WHAT IS NEEDED: Repeat the lines from the one containing "INTRODUCING The Andrya Table" through the end of the listing exactly, both ends included. Do not carry over any pictures.

Start of DATA EXTRACT

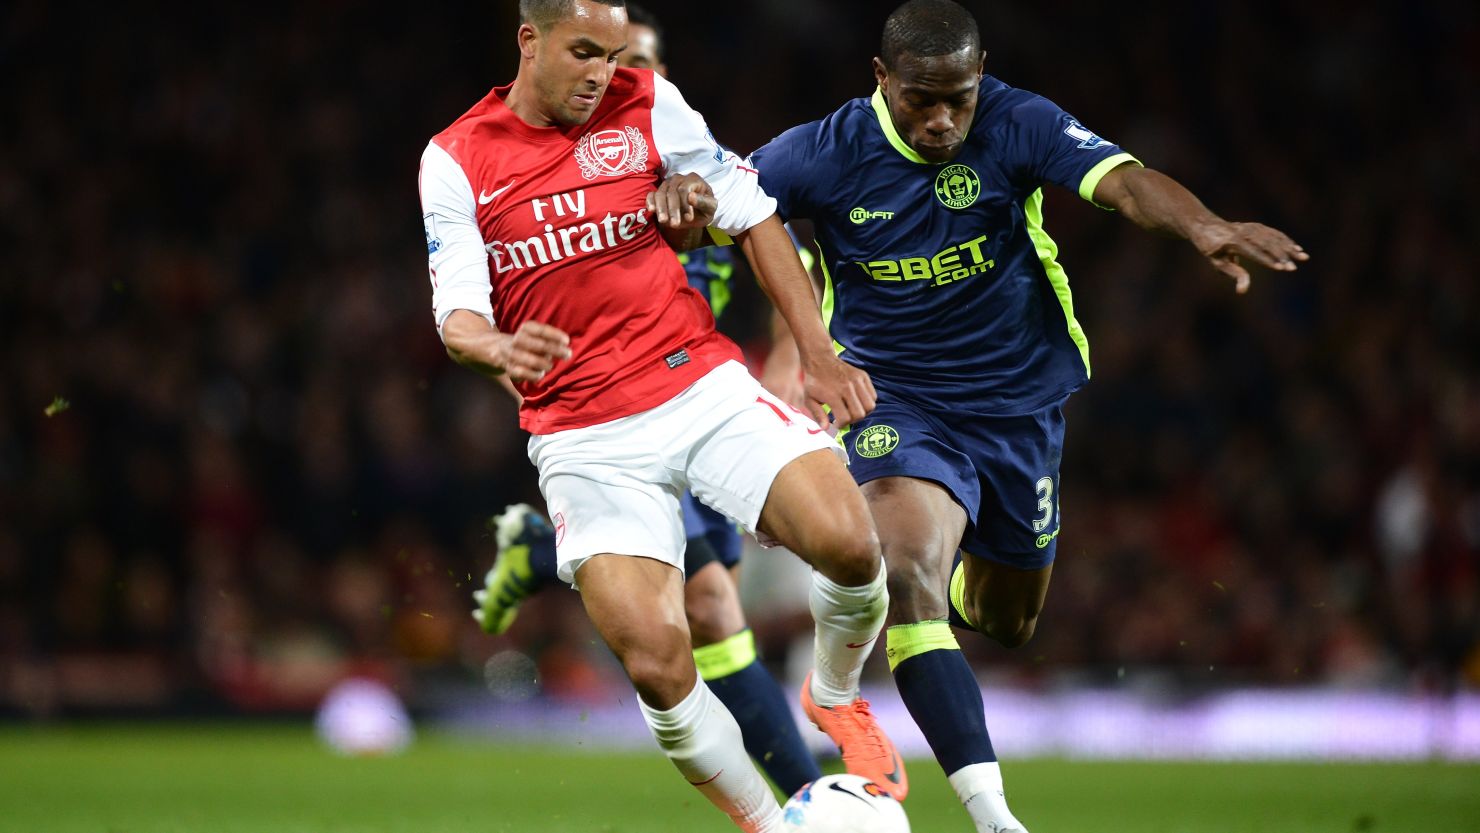 Arsenal's Theo Walcott is challenged by Maynor Figueroa of Wigan during Monday's English Premier League match.
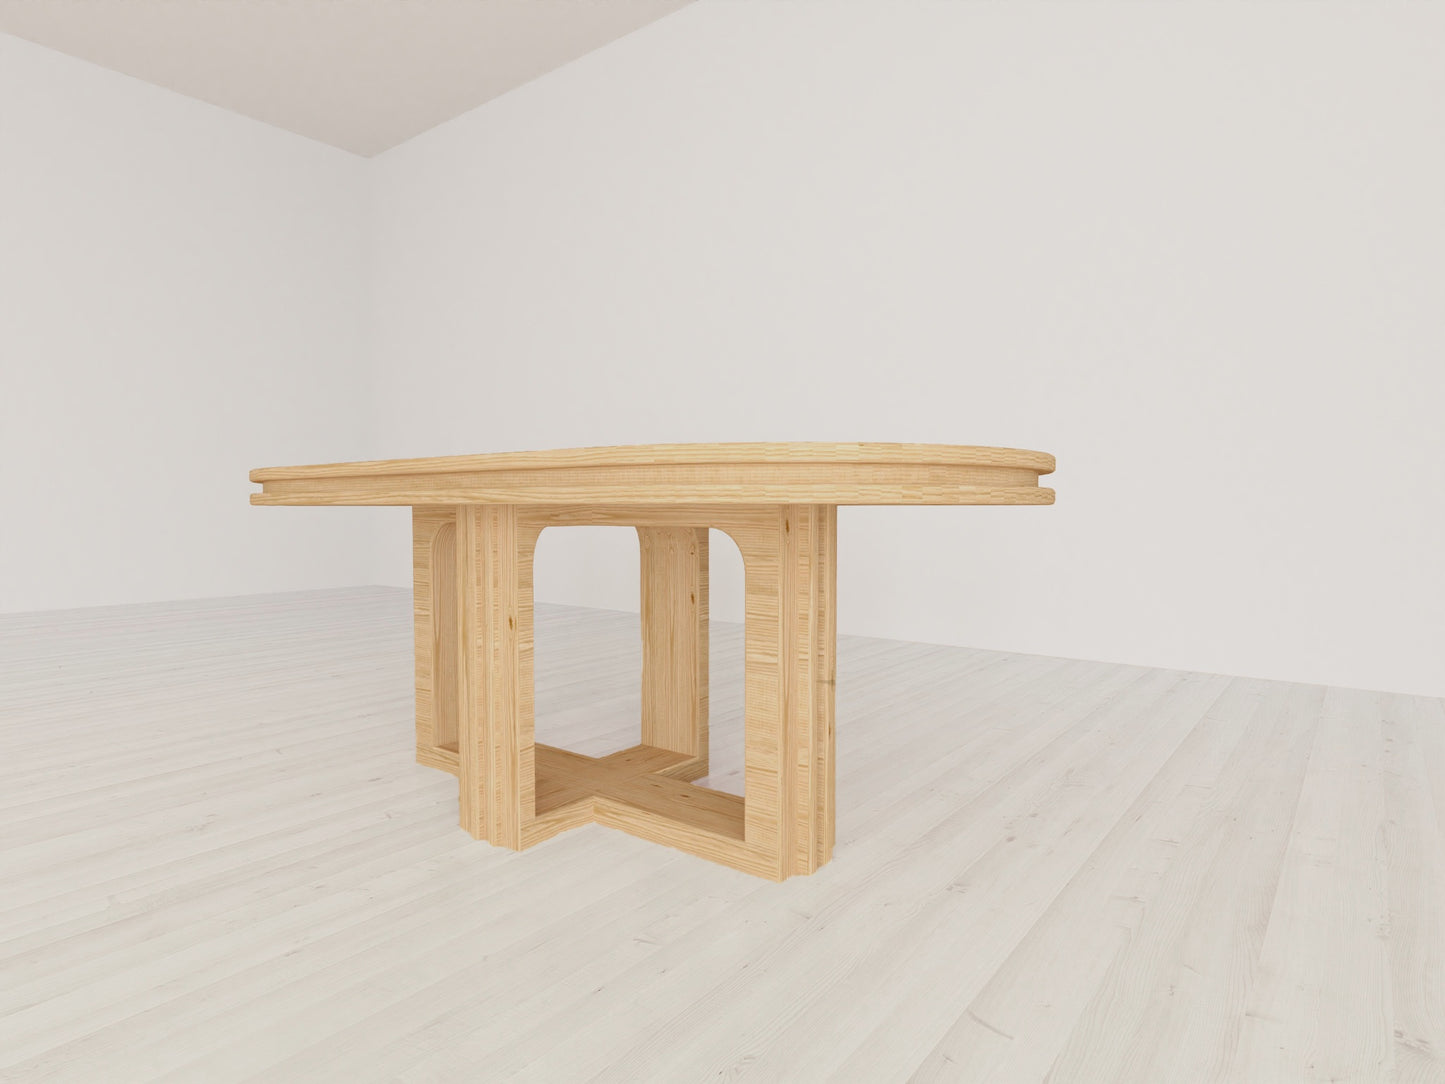 INTRODUCING The Andrya Table
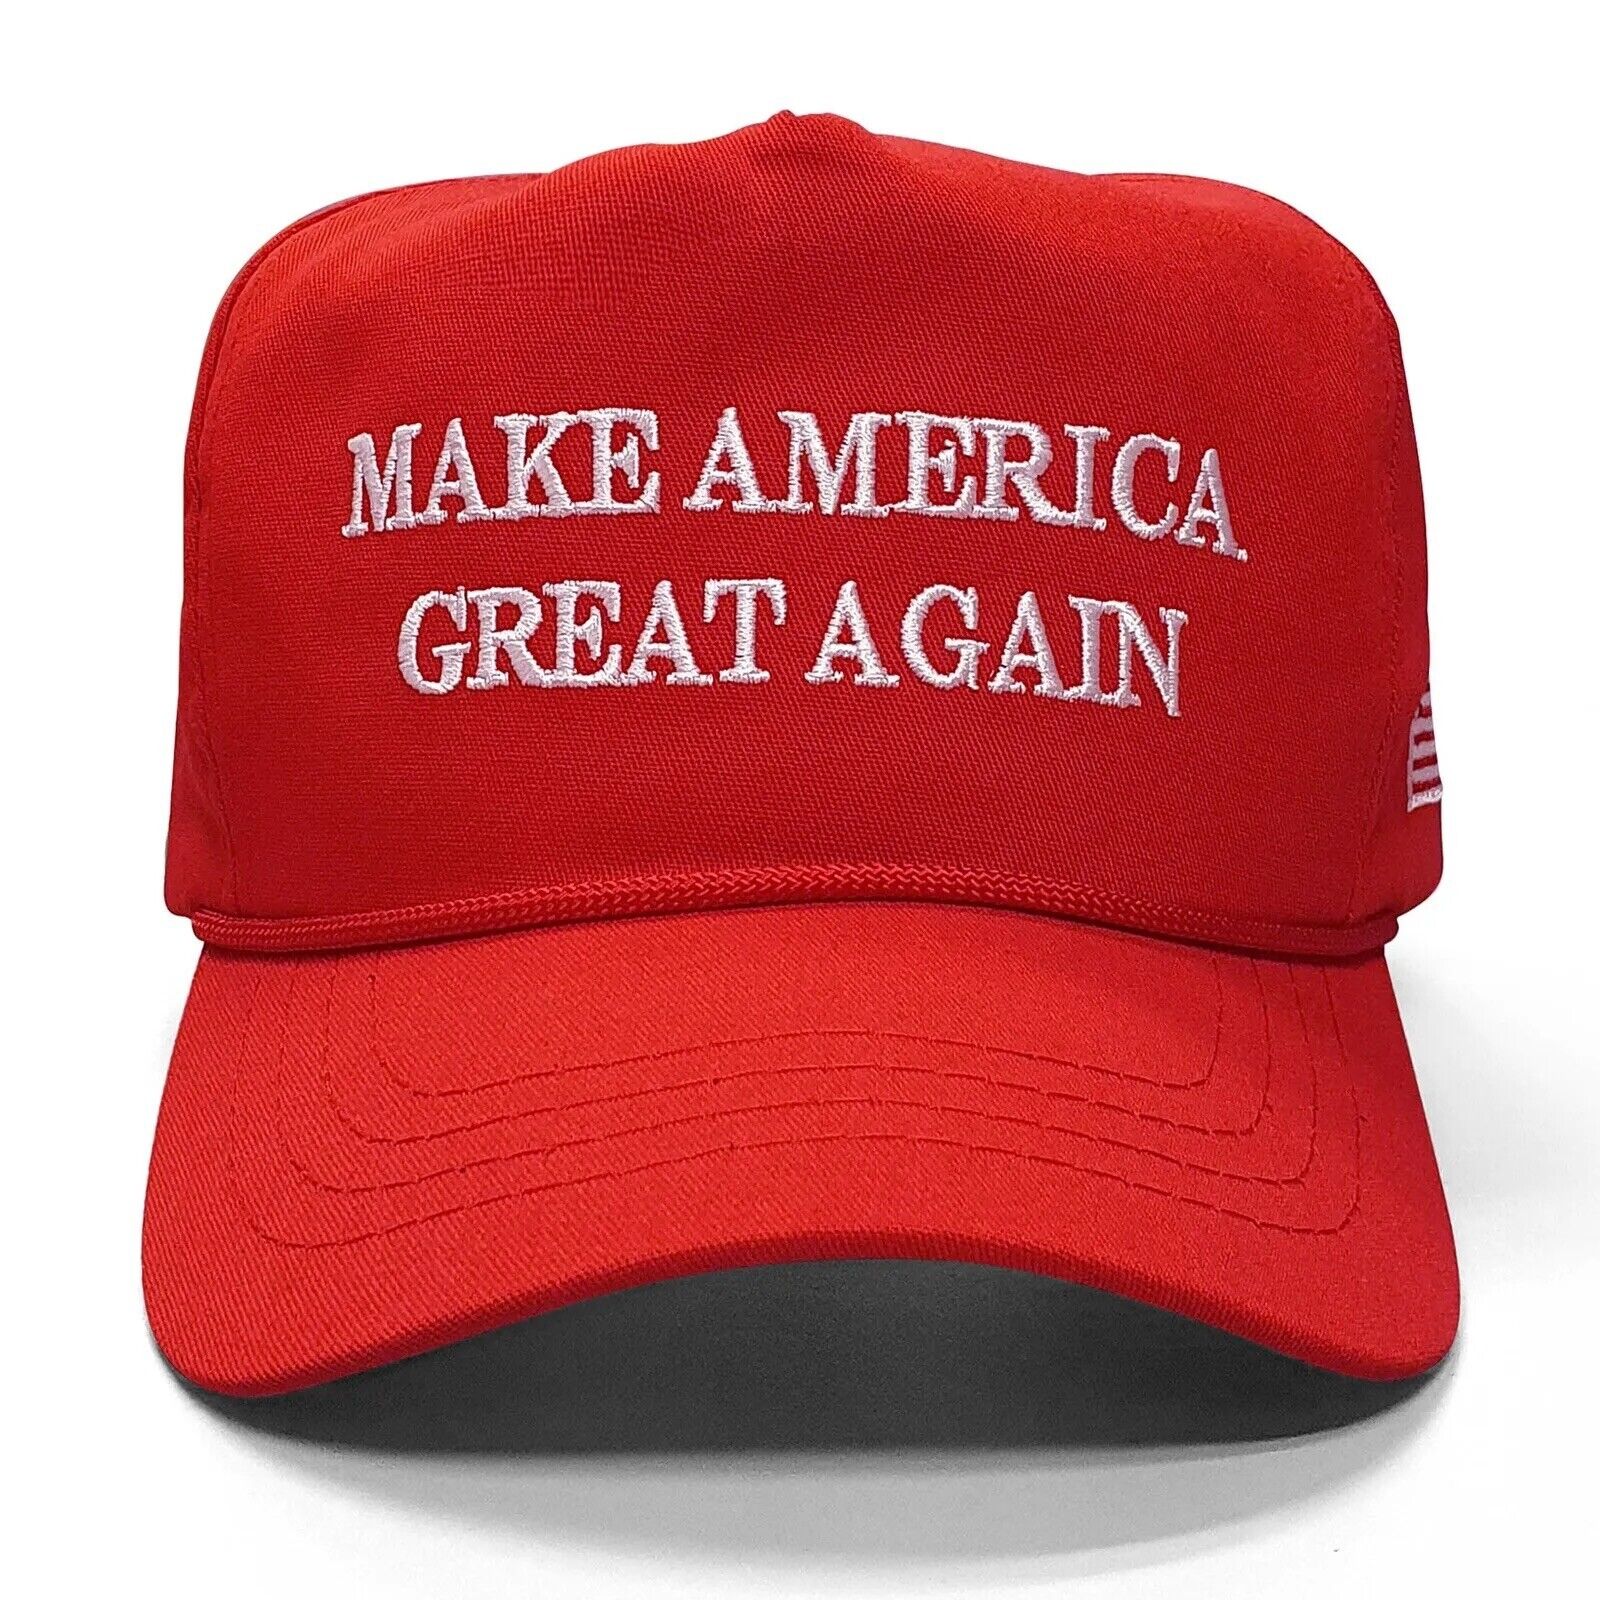 Make America Great Again - Donald Trump 2016 Embroidered Campaign Hat

End of DATA EXTRACT

EXERCISE RESULT:
 INTRODUCING The Andrya Table
 Make America Great Again - Donald Trump 2016 Embroidered Campaign Hat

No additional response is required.